WHETHER OR NOT the current economic crisis and a historic 
presidential election open up hidden potentials for renewed 
popular protest and collective action, it is obvious that the 
radical Left has lost a great deal of its size, visibility, élan 
and influence since the 1970s.

When French sociologists Luc Boltanski and Eve Chiapello commenced 
their work together in the mid-1990s, resulting in this monumental 
and inventive book, they saw not only that the Right had surged 
and the Left declined since heady days of revolt in the late 1960s.

They also believed that “social critique has not seemed so 
helpless for a century.” That is, the practical and theoretical 
opposition to the status quo was weaker than at any time since the 
beginnings of the modern mass labor and socialist movement.(1)

Why was the opposition so deep in the hole? After all, the signs 
of growing inequality were evident, and activism persisted through 
the 1980s and '90s in addressing acute problems and grievances, 
concerning AIDS, homelessness, the plight of the undocumented, or 
the lack of modern medical care in the poor world at large. But 
almost no one talked much any longer of the systemic framework — 
of capitalism — that demanded a correspondingly systemic 
challenge, thought Boltanski and Chiapello (hereafter B&C).
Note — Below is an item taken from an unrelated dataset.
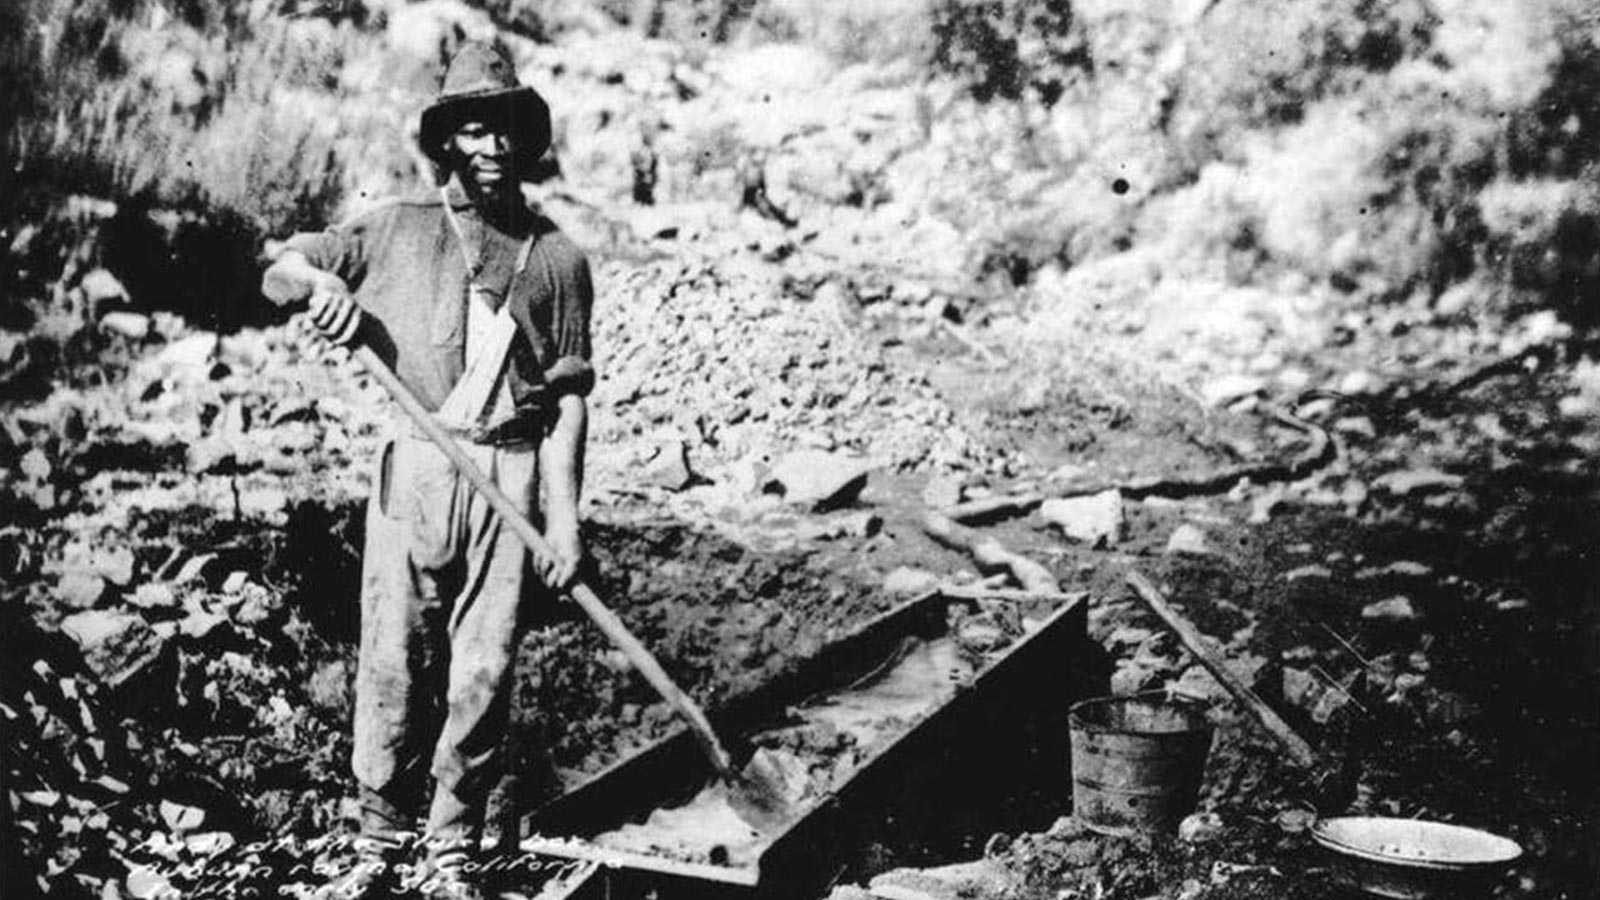 The little-known story of how slavery infiltrated California and the American west

In this respect, things may have been different in the United 
States than in France. Here, plenty of people were talking about 
capitalism — in an overwhelming din of celebration.

While the remarkable energy signaled by the burst of the 
“anti-globalization,” or global justice movement, promised to 
“revive critique,” as B&C put it, those campaigns suffered a sharp 
setback in the wake of a renewed Right turn following 9-11. Even 
the momentous antiwar protests of 2003 lost energy steadily as the 
Iraq war continued.

Now, nearly ten years after B&C first ventured their judgment that 
“capitalism has benefited from the enfeeblement of critique,” it 
remains unclear if much is different.(2) Capitalism has suddenly 
revealed its fragility for all to see, but it is quite another 
matter whether the Left now has the standing or the poise to offer 
the radical, democratic and transitional demands that would, one 
would think, have a growing audience amidst the present crisis and 
current calls for “change.”

It is the great ambition of The New Spirit of Capitalism to 
diagnose the peculiar shape that capitalism has assumed since the 
1970s, to explain how and why its new forms have eluded a 
forceful, concentrated challenge, and to venture proposals for 
reinvigorating, indeed reinventing an effective anticapitalist 
critique.

It’s not as if everything is new: Capitalism, in B&C’s eyes, 
remains a system for pursuing profits and limitless accumulation, 
amidst the generalization of wage-labor; and anticapitalism — 
critiques of the domination, alienation, inequality, and 
antisocial egoism spawned by the system—has kept it company since 
its very beginning. Yet there has been plenty of room for 
shape-shifting along the way.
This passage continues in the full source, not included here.